[package-extractor]: fix issue #5719, preventing duplicate-copy conflicts across npm-packlist versions

[LPegasus]

Summary

Fixes #5719 .

Details

glob@7 with leading dot-slash pattern won't return the same path files.
But, glob@8 with leading dot-slash pattern will return a file path prefixed with "./".
Than, we will got two file paths reference to the same file.
This will cause EEXIST: file already exists error when running with COPYFILE_EXCL mode.

This PR uses path.normalize to dedup the file paths.

How it was tested

1. Added a unit test.
2. Tested in the repo where the issue happened.

[octogonz]

Key questions for this change:

1. Is this a perf concern? We are synchronously calling path.normalize() potentially thousands of times, and allocating multiple data structures containing thousands of elements. How many thousands? It is not the full --create-archive list from rush deploy, but more like the total number of files under a single Rush project. An imperative loop here could be more efficient for time/memory, but the costs are probably already tiny compared to the preceding work required to construct npmPackFiles.
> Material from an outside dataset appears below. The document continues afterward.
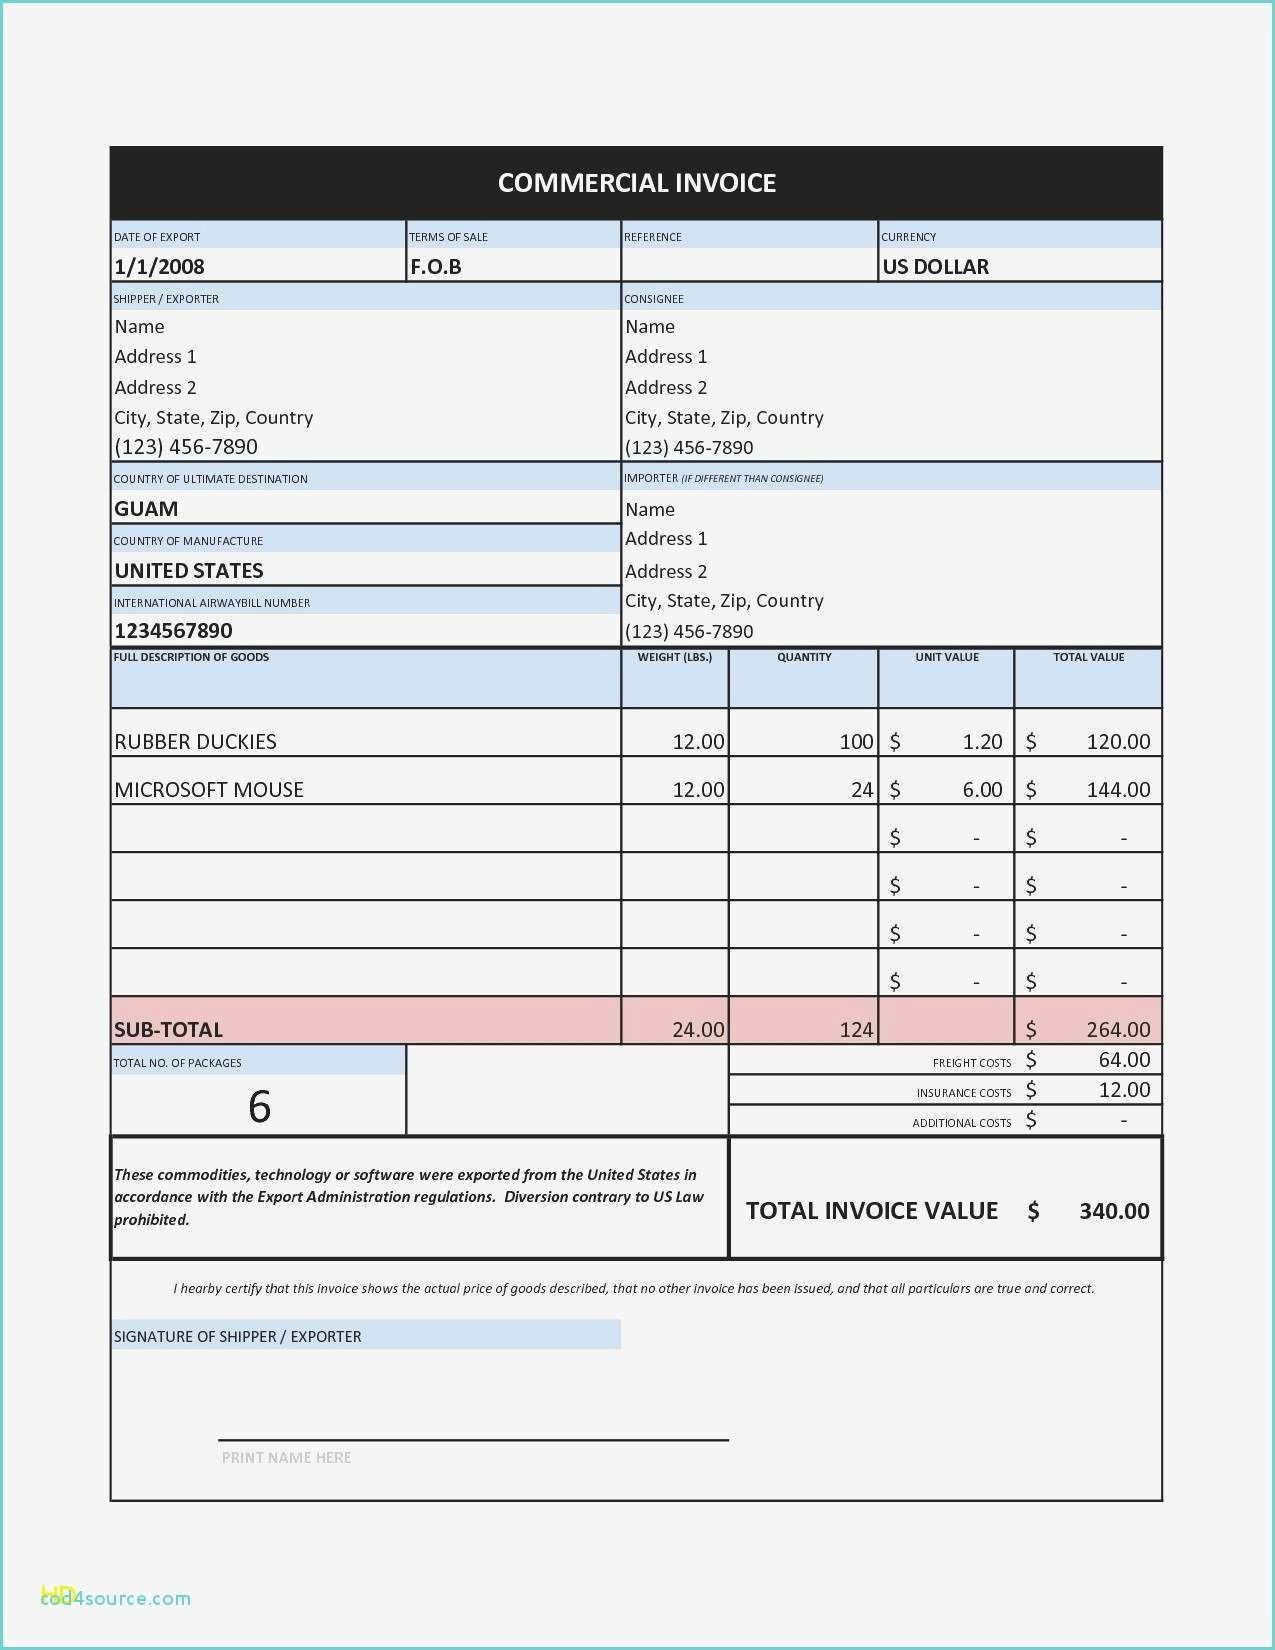 Free Invoice Templates Printable Of Free Printable Checks Template - Free Printable Checks

2. Is it the right fix? The problem did not exist with npm-packlist@2, it is apparently npm-packlist@5 that started returning duplicate paths. Why should a packlist contain duplicates? Aren't duplicate paths a bug? If so, then this "fix" is reversing the effects of a bug, which wouldn't be necessary if we simply fix the bug. (More evidence: npm-packlist is maintained by NPM, Inc., who are known for "how can this have no unit test???" type regressions.)

   If it's a bug, then other tools that use npm-packlist should have the same bug. And here we go, PNPM seems to have encountered the same issue:

   fix: packing the same file twice during publish pnpm/pnpm#7250

   That diff interestingly has a similar deduplication line:

   const files = Array.from(new Set((await packlist(src)).map((f) => path.join(f))))

   ...but if you look closely, it is not calling path.normalize(). It seems to be deduplicating for some other reason. PNPM's real fix was to upgrade npm-packlist:

   The fix was to update npm-packlist to the latest version.

   ...which at the time, they accomplished by introducing a wrapper package @pnpm/fs.packlist.

[octogonz]

We can't downgrade, because that would undo the benefit of PR #5575.

So, one alternative fix is to upgrade to npm-packlist (whose latest version is now already 10.x).

BUT, consider that PNPM's @pnpm/fs.packlist has eliminated its dependency on arborist, so today it is merely:

• A hardwired dependency on known-good "npm-packlist": "5.1.3"
• A small amount of normalizing/deduplicating logic in index.ts.

This seems like exactly what rush deploy needs. And Rush primarily uses PNPM, I think we would get more consistent/stable results by replacing our npm-packlist with @pnpm/fs.packlist. That seems like the best solution.

[octogonz]

That said:

• This was a significant regression for rush deploy

• It is a recent regression caused by this PR in January:

  [package-extractor] Upgrade npm-packlist to 5.1.3 to remove deprecated glob@7 and inflight dependencies #5575

  CC @iclanton

• @LPegasus's PR is a minimal fix.

So my recommendation is to merge+publish PR #5720, then do a follow up PR to implement the @pnpm/fs.packlist approach.

[octogonz]

🚀 Rush 5.172.1 has been published with this fix.